US President Barack Obama wants to force coal energy plants to reduce emissions and pay for greenhouse gases they do emit through a cap and trade system, the New York Times said Thursday.
Asked by AFP, the White House did not confirm that such a plan is being considered by the president, who has struggled to fulfill his campaign promises on fighting climate change, with most of his initiatives blocked by lawmakers in Congress since 2009.
According to the New York Times, Obama will bypass legislative avenues by using his executive authority to force coal power plants to reduce their emissions by 20 percent. The president plans to announce the program on Monday, the newspaper said.
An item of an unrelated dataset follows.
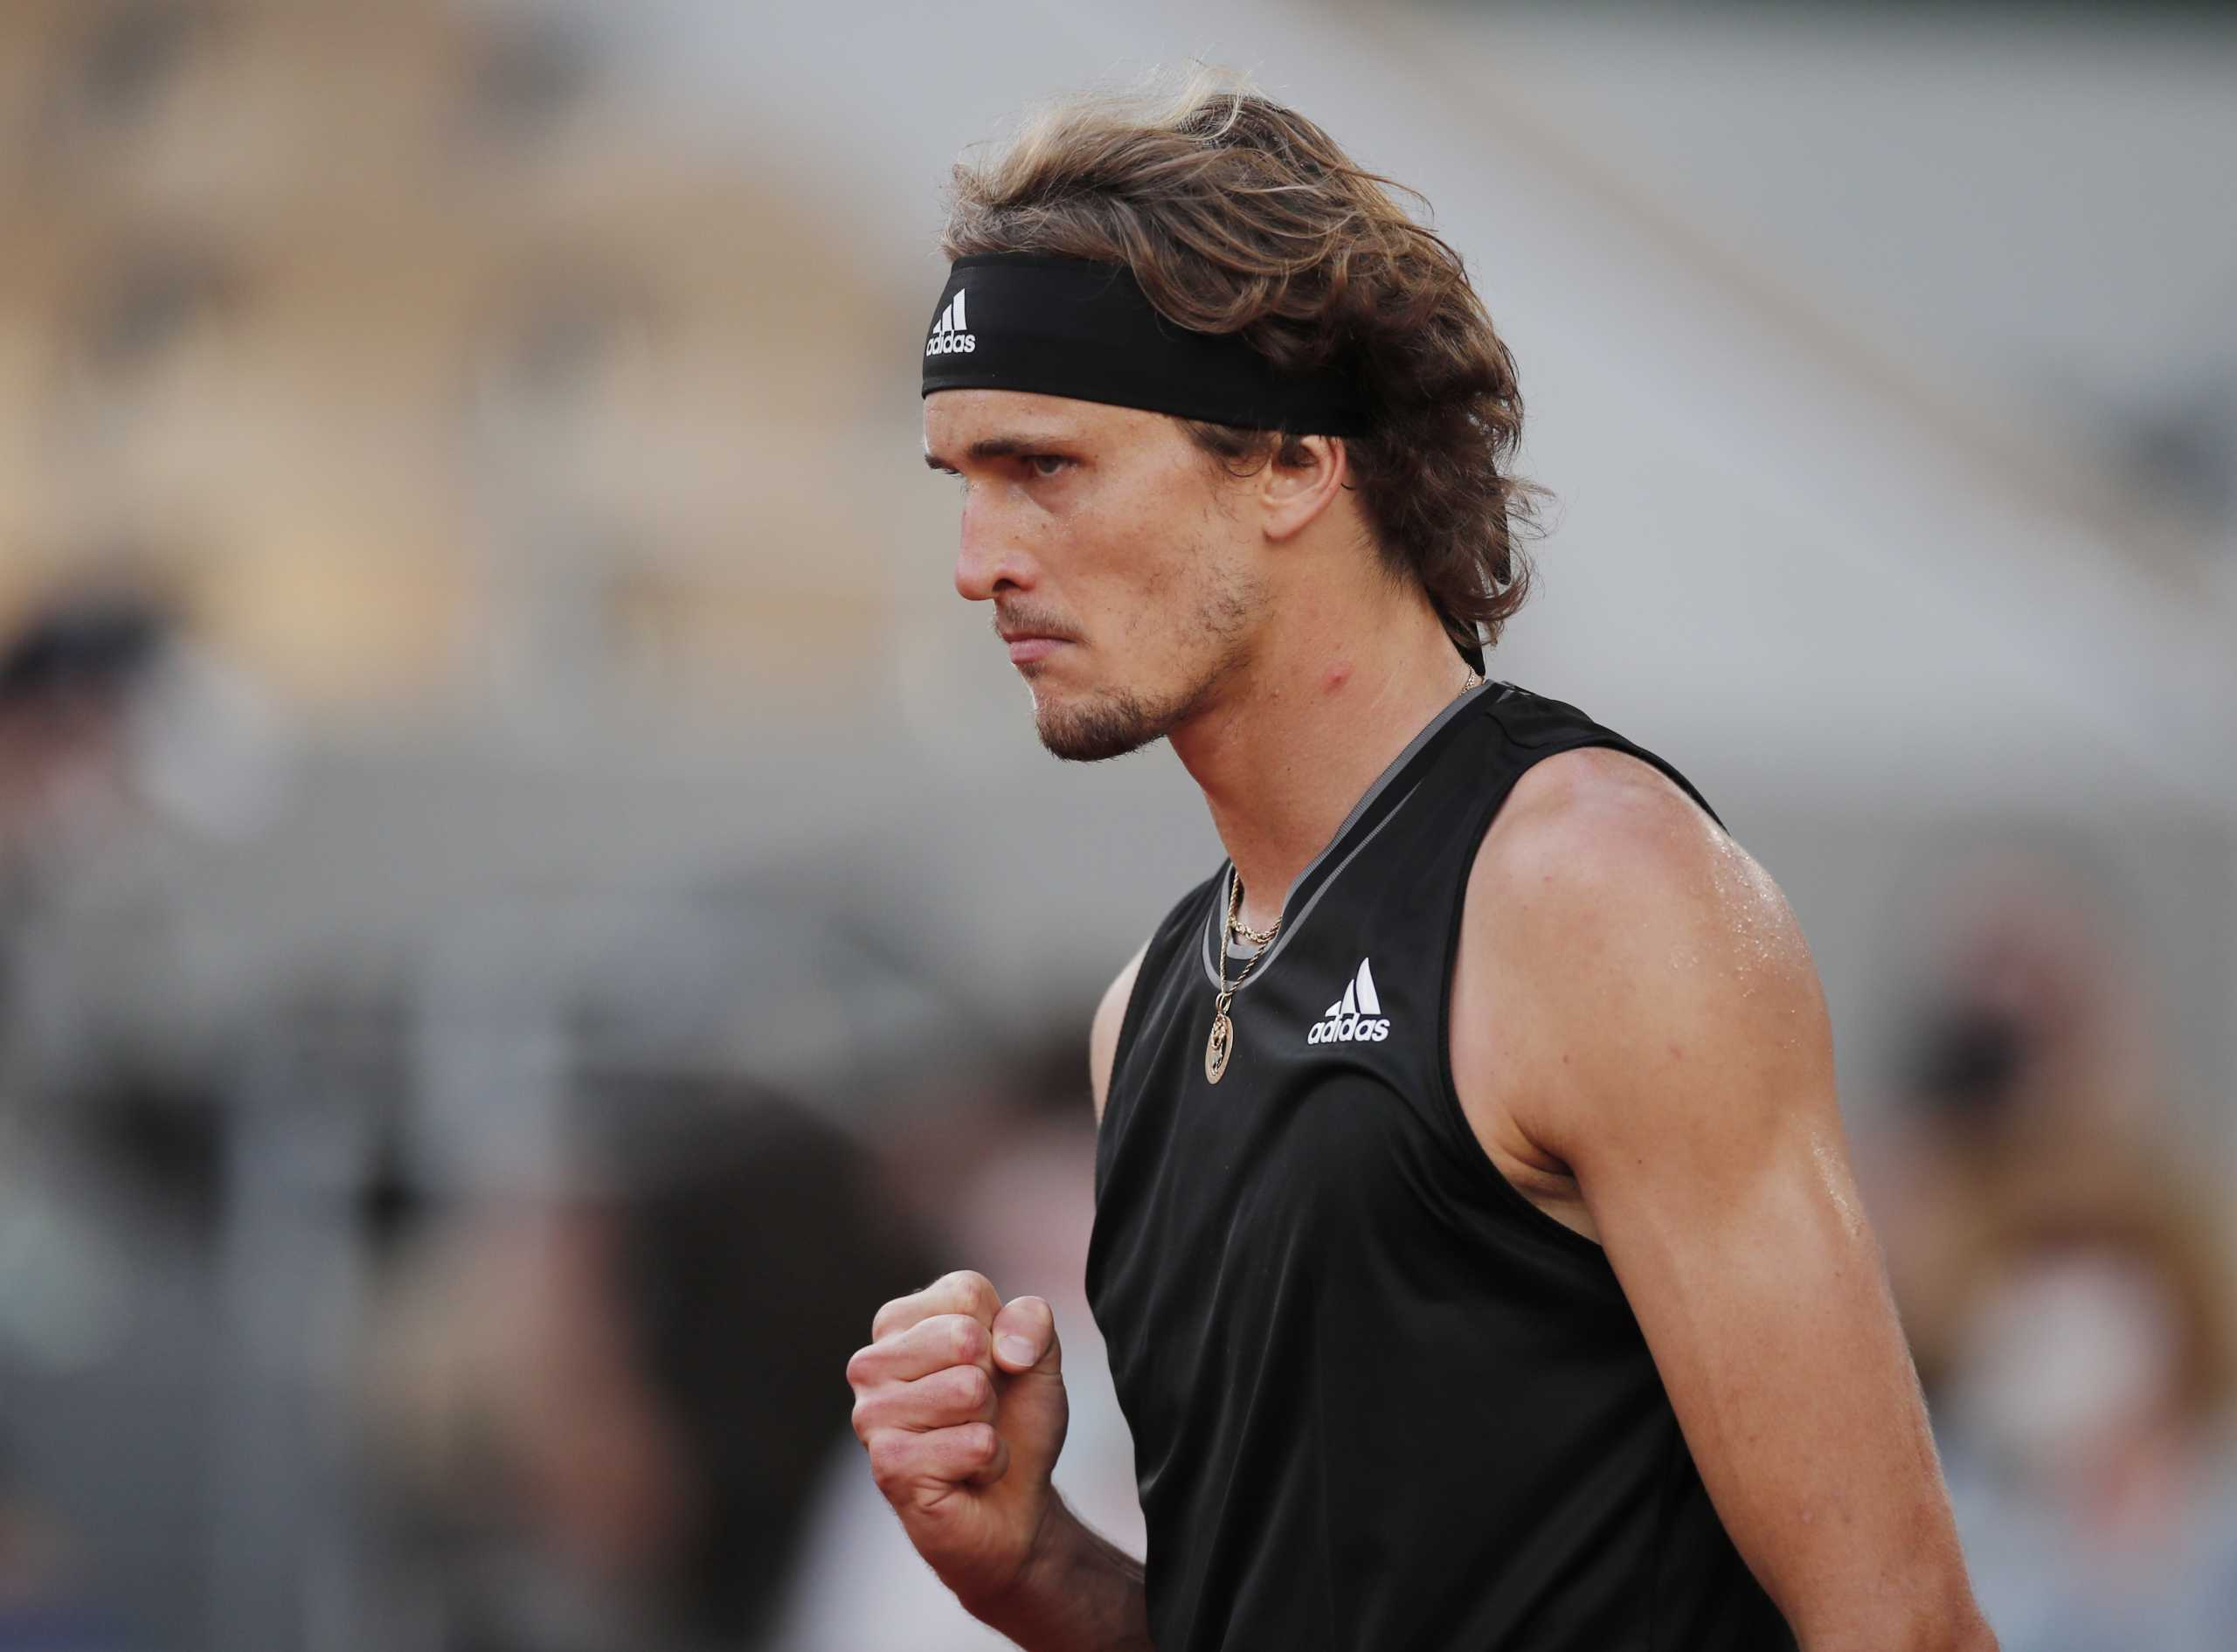 Roland Garros: Στα ημιτελικά ο Ζβέρεφ, περιμένει τον Τσιτσιπά

The idea is to create a national cap on carbon emissions from coal and to let each decide how to get there through increasing energy production from wind, solar and other renewable sources, and by creating a marketplace where "government-issued pollution permits" can be bought and sold between states.
The plan risks sparking hostility from local governments under Republican control, which have already brought lawsuits over whether the Environmental Protection Agency, under Obama's executive authority, has the power to regulate emissions.
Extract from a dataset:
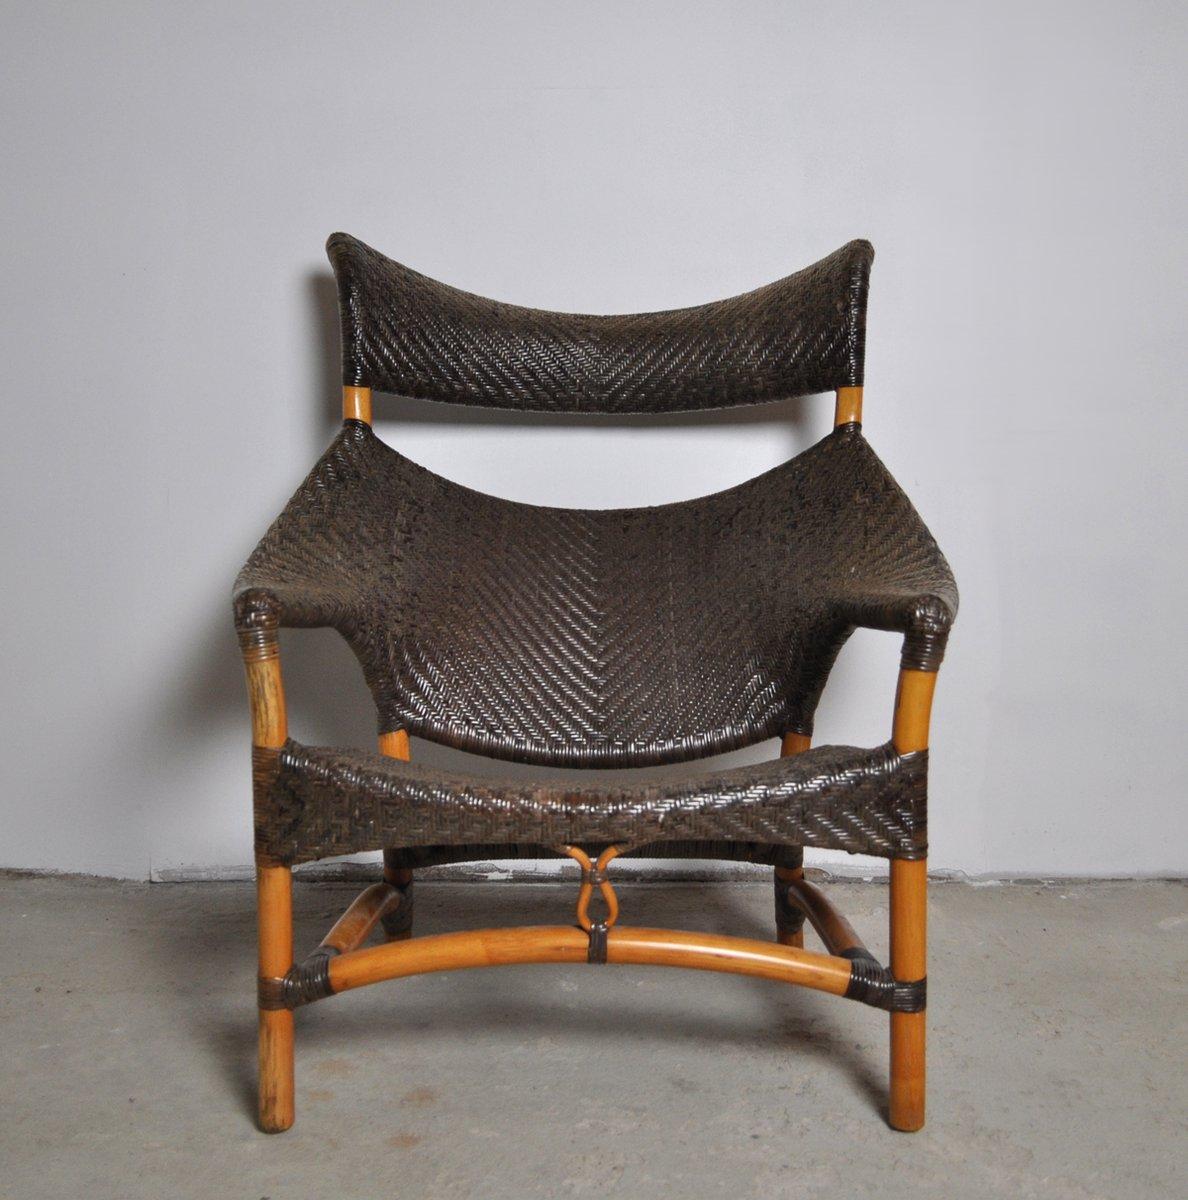 Woven Rattan Chair Amp Stool By Yuzuru Yamakawa 1980s For

The expected presidential announcement would be part of a set of initiatives he unveiled in June 2013 to reduce greenhouse gas emissions by 17 percent from their 2005 levels by 2020.
According to the US Energy Information Agency, 37 percent of electricity in the US is produced from coal plants. Renewable energy sources produce 12 percent.
The White House laid the groundwork for these latest possible measures in early May, when it released a massive report on the economic and physical effects of climate change, which it said were already evident in the United States.